[PATCH tip/core/rcu] classic RCU locking and memory-barrier cleanups

public inbox for linux-kernel@vger.kernel.org
 help / color / mirror / Atom feed

From: "Paul E. McKenney" <paulmck@linux.vnet.ibm.com>
To: linux-kernel@vger.kernel.org
Cc: mingo@elte.hu, akpm@linux-foundation.org, oleg@tv-sign.ru,
	manfred@colorfullife.com, dipankar@in.ibm.com,
	rostedt@goodmis.org, dvhltc@us.ibm.com, niv@us.ibm.com
Subject: [PATCH tip/core/rcu] classic RCU locking and memory-barrier cleanups
Date: Tue, 5 Aug 2008 09:21:44 -0700	[thread overview]
Message-ID: <20080805162144.GA8297@linux.vnet.ibm.com> (raw)

This patch simplifies the locking and memory-barrier usage in the Classic
RCU grace-period-detection mechanism, incorporating Lai Jiangshan's
feedback from the earlier version (http://lkml.org/lkml/2008/8/1/400
and http://lkml.org/lkml/2008/8/3/43).  Passed 10 hours of
rcutorture concurrent with CPUs being put online and taken offline on
a 128-hardware-thread Power machine.  My apologies to whoever in the
Eastern Hemisphere was planning to use this machine over the Western
Hemisphere night, but it was sitting idle and...

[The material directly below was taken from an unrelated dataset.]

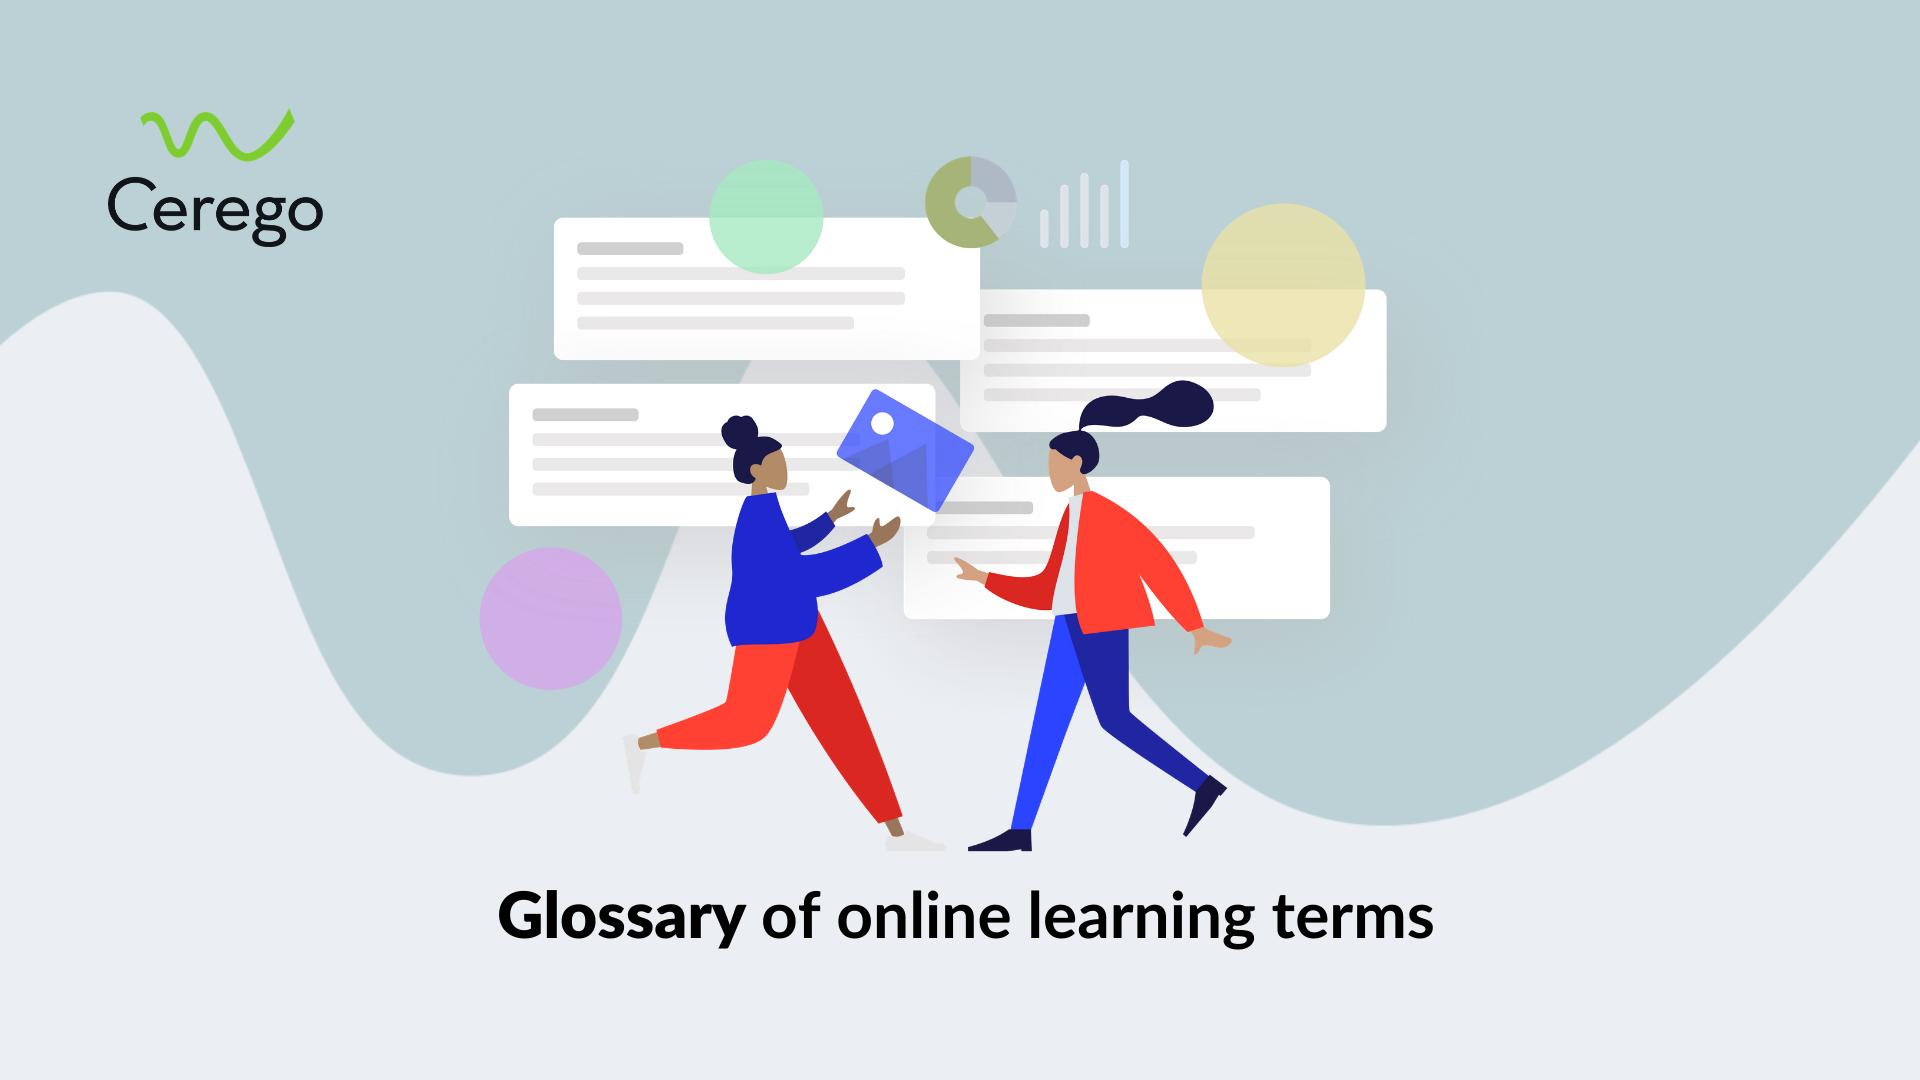 Cerego Glossary

So this is ready for tip/core/rcu.

This patch is in preparation for moving to a hierarchical
algorithm to allow the very large SMP machines -- requested by some
people at OLS, and there seem to have been a few recent patches in the
4096-CPU direction as well.  The general idea is to move to a much more
conservative concurrency design, then apply a hierarchy to reduce
contention on the global lock by a few orders of magnitude (larger
machines would see greater reductions).  The reason for taking a
conservative approach is that this code isn't on any fast path.

Prototype in progress.

This patch is against the linux-tip git tree (tip/core/rcu).  If you
wish to test this against 2.6.26, use the following set of patches:

http://www.rdrop.com/users/paulmck/patches/2.6.26-ljsimp-1.patch
http://www.rdrop.com/users/paulmck/patches/2.6.26-ljsimpfix-3.patch

The first patch combines commits 5127bed588a2f8f3a1f732de2a8a190b7df5dce3
and 3cac97cbb14aed00d83eb33d4613b0fe3aaea863 from Lai Jiangshan
<laijs@cn.fujitsu.com>, and the second patch contains my changes.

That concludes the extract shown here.